**The task:** All that should come back is the lines of the data below from the one containing "Three Choral Preludes" to the one containing "Dunluce Castle Elopement in Northern Ireland", inclusive, exactly as they stand.

Top of Given information

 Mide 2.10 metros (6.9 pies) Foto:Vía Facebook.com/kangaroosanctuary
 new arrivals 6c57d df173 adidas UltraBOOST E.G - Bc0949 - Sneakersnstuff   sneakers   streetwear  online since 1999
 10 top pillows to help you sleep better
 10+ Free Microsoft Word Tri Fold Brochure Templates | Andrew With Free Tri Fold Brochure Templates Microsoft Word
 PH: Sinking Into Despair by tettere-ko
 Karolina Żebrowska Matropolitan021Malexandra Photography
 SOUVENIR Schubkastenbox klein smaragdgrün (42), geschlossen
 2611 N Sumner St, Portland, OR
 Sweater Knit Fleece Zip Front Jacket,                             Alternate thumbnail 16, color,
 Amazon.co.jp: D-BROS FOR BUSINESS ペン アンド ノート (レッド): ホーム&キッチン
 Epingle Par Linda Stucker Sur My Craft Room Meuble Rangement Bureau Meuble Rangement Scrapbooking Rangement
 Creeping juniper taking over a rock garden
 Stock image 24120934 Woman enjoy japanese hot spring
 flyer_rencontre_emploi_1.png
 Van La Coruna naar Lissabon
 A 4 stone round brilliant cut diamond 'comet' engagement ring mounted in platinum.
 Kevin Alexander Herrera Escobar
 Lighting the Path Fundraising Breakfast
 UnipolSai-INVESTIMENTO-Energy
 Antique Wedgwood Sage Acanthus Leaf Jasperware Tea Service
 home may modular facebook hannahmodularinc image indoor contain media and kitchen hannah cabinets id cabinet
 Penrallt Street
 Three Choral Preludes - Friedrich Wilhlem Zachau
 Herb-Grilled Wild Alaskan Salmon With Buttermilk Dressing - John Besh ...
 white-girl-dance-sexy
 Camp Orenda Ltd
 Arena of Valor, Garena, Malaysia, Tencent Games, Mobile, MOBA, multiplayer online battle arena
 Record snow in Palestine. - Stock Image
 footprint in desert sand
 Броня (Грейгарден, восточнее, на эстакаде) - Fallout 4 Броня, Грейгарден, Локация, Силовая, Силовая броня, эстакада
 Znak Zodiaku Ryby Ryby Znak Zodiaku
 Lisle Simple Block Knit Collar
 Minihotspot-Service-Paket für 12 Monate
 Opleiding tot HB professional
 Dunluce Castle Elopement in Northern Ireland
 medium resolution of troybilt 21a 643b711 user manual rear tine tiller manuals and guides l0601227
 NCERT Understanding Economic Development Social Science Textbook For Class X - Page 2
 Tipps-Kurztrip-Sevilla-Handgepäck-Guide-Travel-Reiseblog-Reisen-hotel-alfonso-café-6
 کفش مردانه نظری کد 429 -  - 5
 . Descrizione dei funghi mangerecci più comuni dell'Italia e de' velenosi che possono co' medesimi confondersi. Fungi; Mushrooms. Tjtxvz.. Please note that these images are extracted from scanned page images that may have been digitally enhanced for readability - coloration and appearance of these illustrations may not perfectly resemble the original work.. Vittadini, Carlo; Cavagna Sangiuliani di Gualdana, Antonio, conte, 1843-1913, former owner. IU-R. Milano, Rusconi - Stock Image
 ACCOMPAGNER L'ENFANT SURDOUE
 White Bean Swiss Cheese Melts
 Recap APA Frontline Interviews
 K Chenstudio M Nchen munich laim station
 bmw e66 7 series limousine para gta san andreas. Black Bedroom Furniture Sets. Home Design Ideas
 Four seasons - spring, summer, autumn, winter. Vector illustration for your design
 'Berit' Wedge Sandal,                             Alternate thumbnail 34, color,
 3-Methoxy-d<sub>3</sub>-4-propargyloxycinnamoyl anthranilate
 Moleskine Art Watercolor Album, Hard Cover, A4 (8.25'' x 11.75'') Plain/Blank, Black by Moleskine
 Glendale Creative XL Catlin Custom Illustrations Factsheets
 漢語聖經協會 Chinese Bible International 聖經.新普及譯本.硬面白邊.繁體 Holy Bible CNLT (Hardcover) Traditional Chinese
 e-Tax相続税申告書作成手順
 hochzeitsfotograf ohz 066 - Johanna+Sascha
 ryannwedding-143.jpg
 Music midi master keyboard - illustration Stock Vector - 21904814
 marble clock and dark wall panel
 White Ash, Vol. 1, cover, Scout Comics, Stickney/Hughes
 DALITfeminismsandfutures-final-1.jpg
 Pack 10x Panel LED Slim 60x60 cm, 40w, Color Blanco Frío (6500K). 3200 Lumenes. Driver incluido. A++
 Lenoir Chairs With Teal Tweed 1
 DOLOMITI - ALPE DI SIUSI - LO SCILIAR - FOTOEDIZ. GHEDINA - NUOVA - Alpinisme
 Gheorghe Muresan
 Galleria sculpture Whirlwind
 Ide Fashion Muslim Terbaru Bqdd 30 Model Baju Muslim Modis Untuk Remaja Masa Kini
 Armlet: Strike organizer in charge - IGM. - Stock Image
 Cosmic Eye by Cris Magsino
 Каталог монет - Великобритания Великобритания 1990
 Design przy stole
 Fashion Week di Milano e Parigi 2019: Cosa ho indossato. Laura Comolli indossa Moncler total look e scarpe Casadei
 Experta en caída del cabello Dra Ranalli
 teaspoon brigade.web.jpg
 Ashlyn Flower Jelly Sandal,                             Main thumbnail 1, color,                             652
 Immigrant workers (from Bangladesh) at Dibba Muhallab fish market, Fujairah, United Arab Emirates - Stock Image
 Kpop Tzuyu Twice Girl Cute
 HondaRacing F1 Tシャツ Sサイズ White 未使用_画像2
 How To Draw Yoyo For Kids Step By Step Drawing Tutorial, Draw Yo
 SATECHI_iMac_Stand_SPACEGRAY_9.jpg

Bottom of Given information

**Result of this exercise:**
 Three Choral Preludes - Friedrich Wilhlem Zachau
 Herb-Grilled Wild Alaskan Salmon With Buttermilk Dressing - John Besh ...
 white-girl-dance-sexy
 Camp Orenda Ltd
 Arena of Valor, Garena, Malaysia, Tencent Games, Mobile, MOBA, multiplayer online battle arena
 Record snow in Palestine. - Stock Image
 footprint in desert sand
 Броня (Грейгарден, восточнее, на эстакаде) - Fallout 4 Броня, Грейгарден, Локация, Силовая, Силовая броня, эстакада
 Znak Zodiaku Ryby Ryby Znak Zodiaku
 Lisle Simple Block Knit Collar
 Minihotspot-Service-Paket für 12 Monate
 Opleiding tot HB professional
 Dunluce Castle Elopement in Northern Ireland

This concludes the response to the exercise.